Why does the query slow down after partitioning?
jiahe1224
Vertica Customer ✭
Best Answers
-
Bryan_H Vertica Employee Administrator
EXPLAIN query plan might show a difference in processing. However, I see two factors that generally slow down queries:
Column is not compressed or encoded to optimize storage ("ZSTD_FAST_COMP" is recommended for varchar)
Column is not ORDER BY to optimize predicate search ("ORDER BY lac_cell" will improve WHERE clause)
EXPLAIN may show additional factors that affect run time.0 -
SruthiA Vertica Employee Administrator
@jiahe1224 yes. better to use RLE encoding if deal_date column is a low cardinality column
0
Answers
I did not write order by lac_cell when the first table was created, and I wrote order by lac_cell for the next two tables, but the projection shows that the lac_cell of the three tables are all sorted. In addition, for encoding, all super projections all three columns are auto encoded, my deal_date is low cardinality, maybe I should use RLE encoding?
Thanks again for your answer! This forum is great, I don't have any friends around me who can ask questions.
deal_date column is a low cardinality integer column
Thank you for your answer, I would like to ask again, what encoding is suitable for unsorted char fields with high cardinality? Actually the field is phone number
ZSTD_FAST_COMP is recommended for unsorted types.
I would like to ask you another question, when do I need to put the column in the order by?
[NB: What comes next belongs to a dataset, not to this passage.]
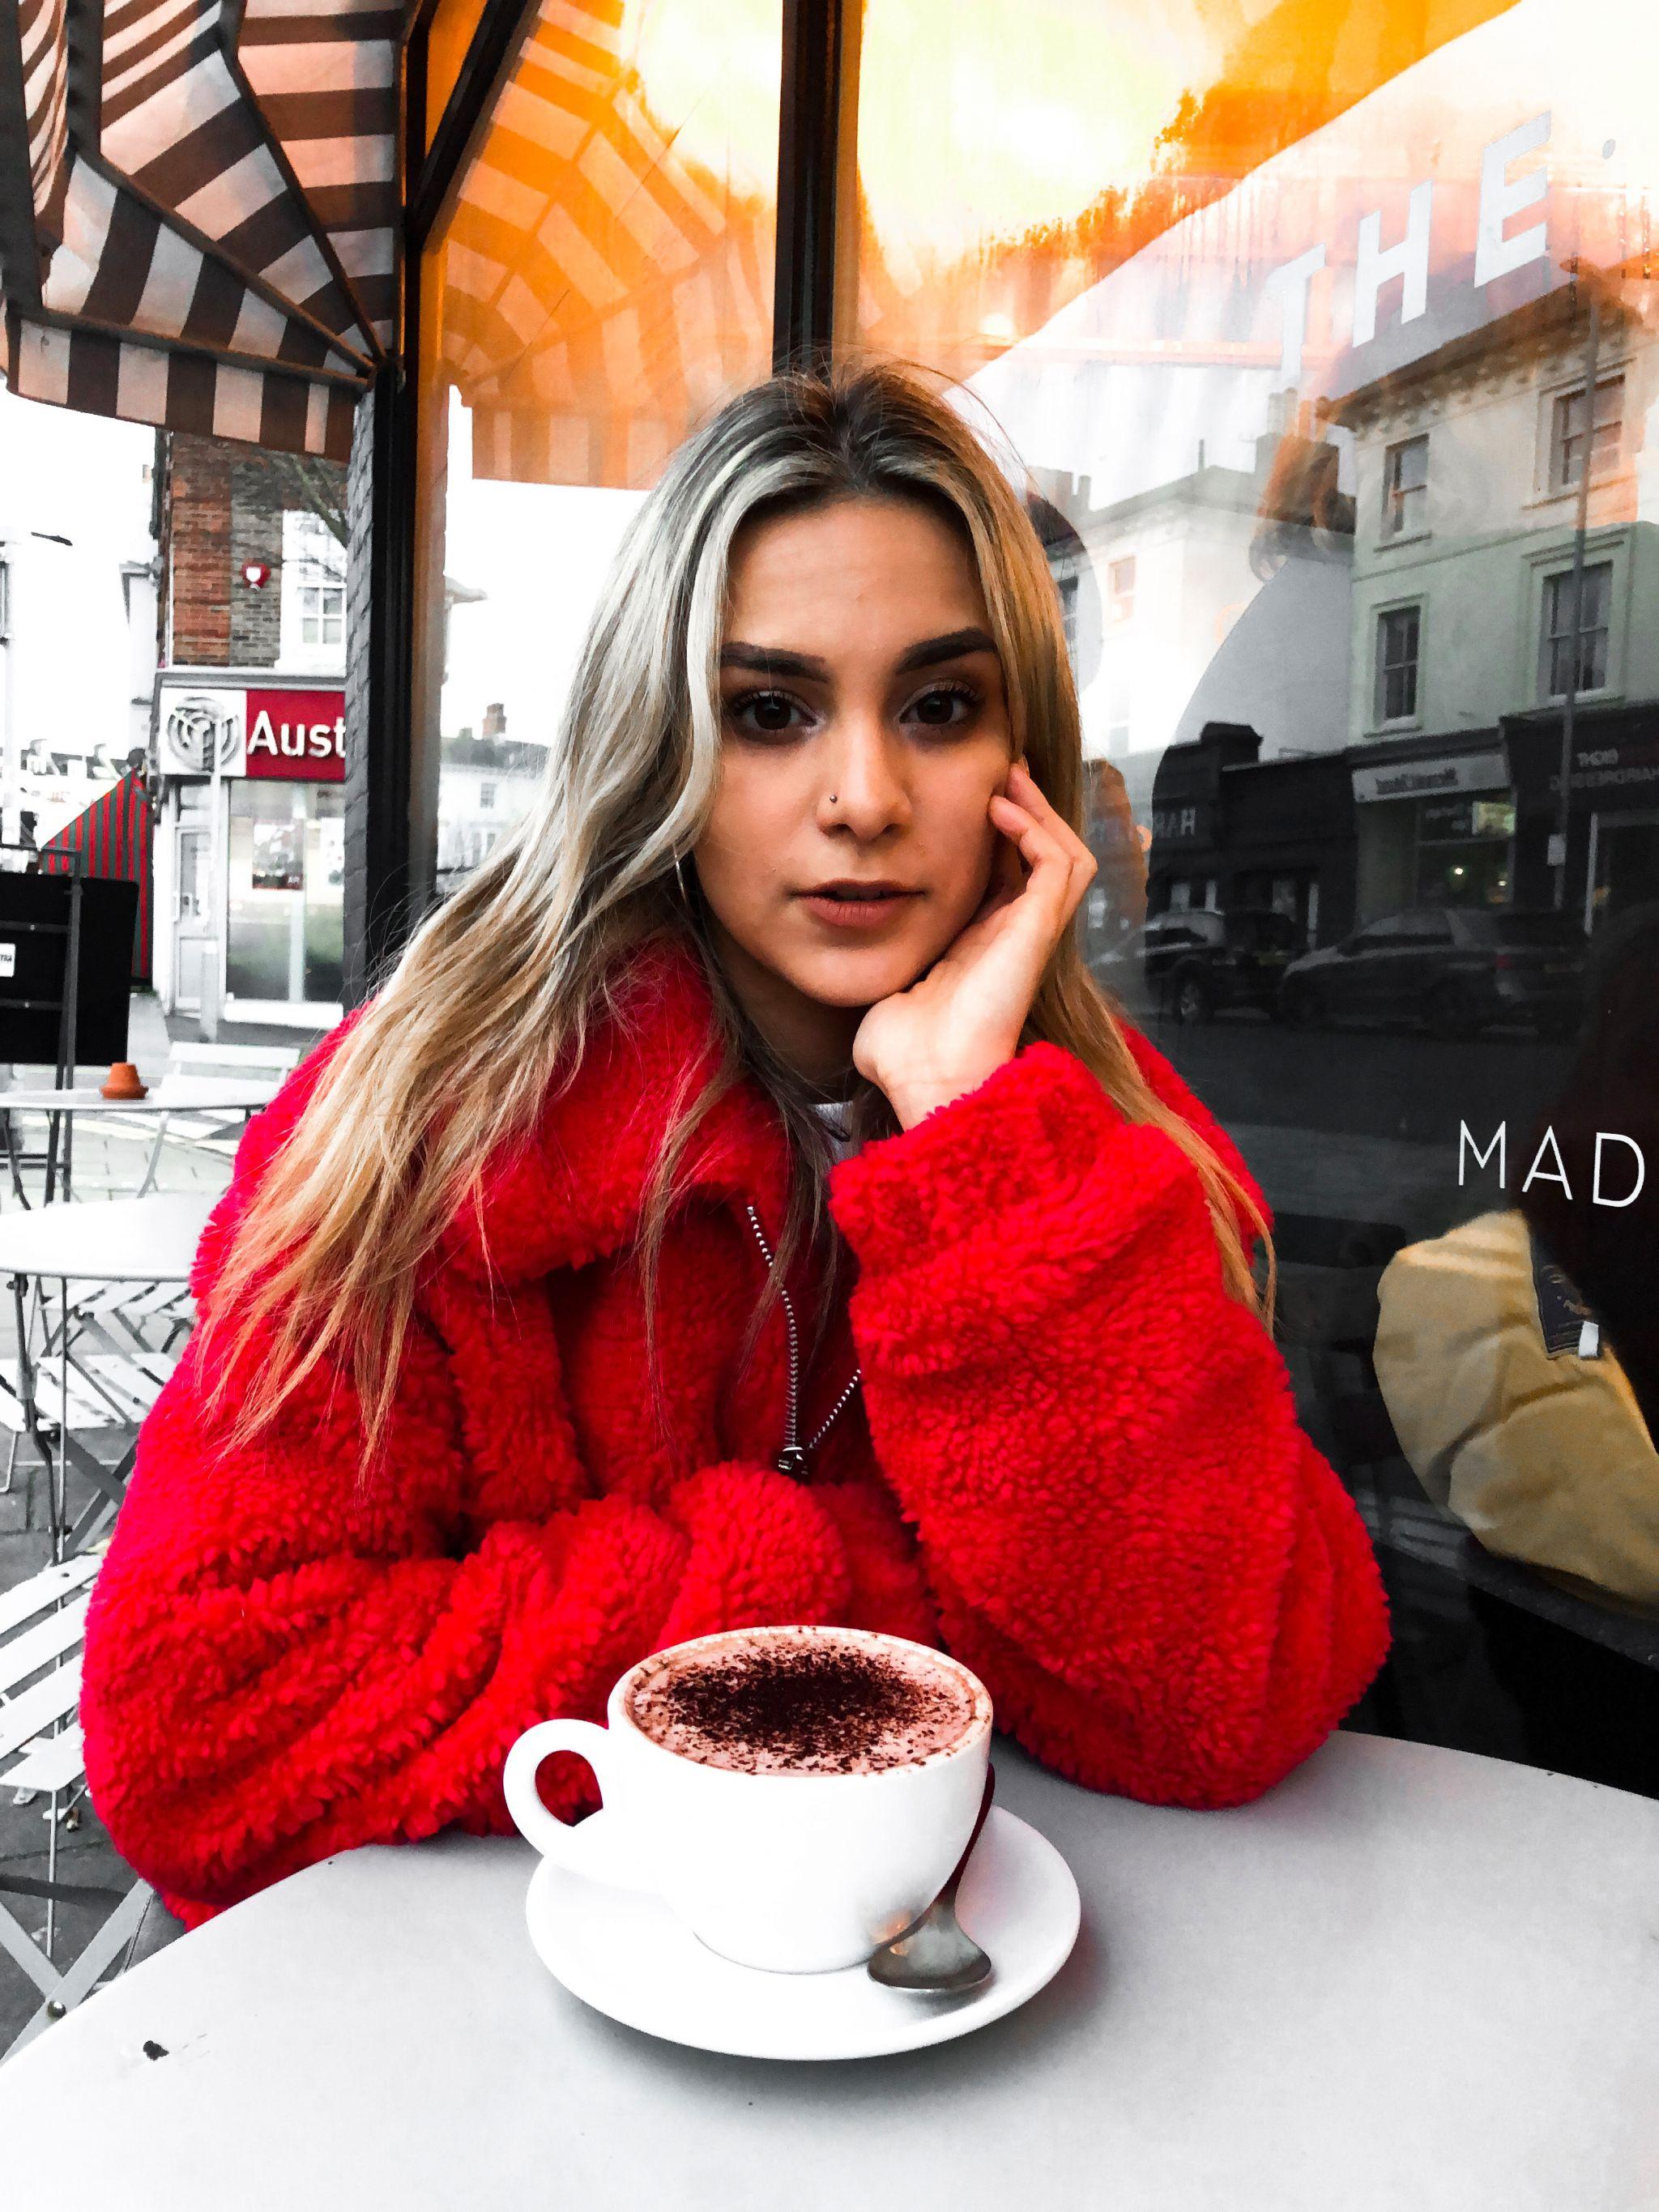 yasmin stefanie red teddy coat urban outfitters

Suppose I have a query like this,
SELECT col3
FROM table_tmp
WHERE col1 = value1
AND col2 IN (....);
col1 is the column used for partitioning, and table_tmp only reserves one partition(In this case, is col1=value1 unnecessary in the where statement? Because when I insert the new partition data, the original partition will be deleted immediately. These are automatically executed by bash, and the query request is unlikely to encounter the situation that there are two partitions in the table.). When I manually create a projection, should I put col1 and col2 or only col2 in the order by statement?
It might not be necessary in all cases, however I would include the partition column in the sort order because this will help the optimizer when planning operations across partitions, for example date ranges or multiple predicates, and will also help in the case where the partition column is used for JOIN.
In my specific business scenario, if there are multiple partitions in the table, col1=value1 needs to be added, because only the data of the latest partition is required. Generally, it is better to add the partition column to the order by statement of projection, but only one partition is reserved in my table, is it still necessary?
SELECT col3
FROM table_tmp
WHERE col1 = value1
AND col2 IN (....);
Sorting is not required in actual query, but there must be sorting in projection. As you said, the value of col1 does not need to be limited, only the value of col2 needs to be limited
Projection sorting also helps with other filters, join and group by operations.
Considering your table is partitioned, did you take the chance to look at our range partition projection feature?
It builds the projection only on the last XX partitions, where you define the XX, could be a relative time from now.